Some may remember Mitch Haniger as the man who delivered one of the most electric singles in Seattle Mariners history, despite the fact that the Mariners missed the playoffs that season. Others, especially baseball fans to the south of us, may remember him as the man who mashed a 460-foot moonblast in Mexico City just under two weeks ago.
This week, though, we look forward to remembering him as the man who pumped two balls over the left field wall at Oracle Park because he was facing the Nationals and Patrick Corbin, who is coming off his only good start since 2019 and is therefore due to resume being clobbered. Swing away, Mitch.
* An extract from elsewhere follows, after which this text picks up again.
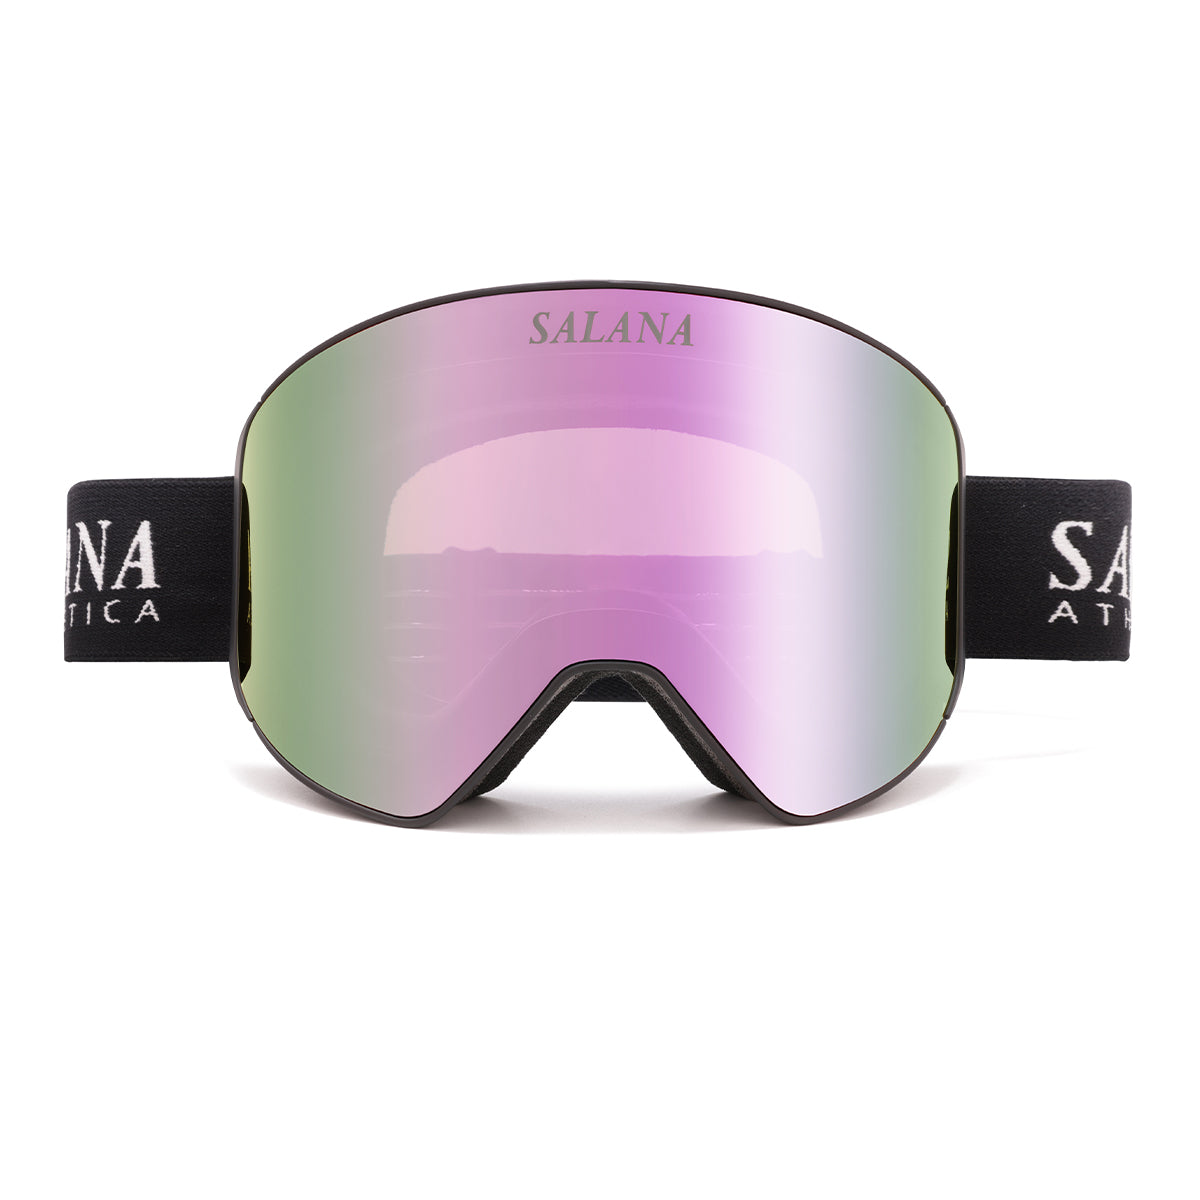 Salana pink mirrored ski snowboard goggles

Do the underlying numbers suggest Ramírez will keep up a pace so torrid he’d garner down-ballot MVP votes? Perhaps not, but they certainly don’t suggest he’s some average Joe. The Rays’ primary DH ranks in the top 3% of the league in wOBA this season while trending in the right direction year-over-year in almost all contact and power metrics.
Here’s what we really like about Ramírez: he is finding a way to scratch a hit across in just about every game he’s playing at the moment. After starting the season 0-for-10 in his first three games, he has at least one knock in 19 of the other 23 he’s played since. He also has yet to go more than seven straight games without a home run and it’s been six since his last. Against a rookie hurler in Grayson Rodriguez who is struggling early on with hard contact, it feels like a blast is imminent.
The impending free agent righty has been excellent in his last five starts, pitching at least six innings each outing and surrendering just 0.6 hits per inning. With the White Sox languishing, he looks like one of the top targets on the starting pitcher market at the trade deadline. Sadly, though, this pick really isn’t even about Giolito.
Though this isn’t an official proclamation, the Picks to Click will be riding with “starting pitcher facing the Kansas City Royals” moving forward until A) the Royals face a pitcher whose skill level is as poor as their lineup’s, or B) the Royals prove they can hit anything that would garner a speeding ticket on I-85.
Oh, you’re scared of Bobby Witt Jr.? He’s got the same OPS+ as Michael A. Taylor. You’re nervous about the game being in Kansas City? The Royals are 4-16 at home. Any solitary sign of hope K.C. had about their offense at the beginning of the season has been completely snuffed out and their only objective now is to avoid being remembered for historically putrid levels of production.
Once again, folks... The Search Continues. Victory shall soon be ours.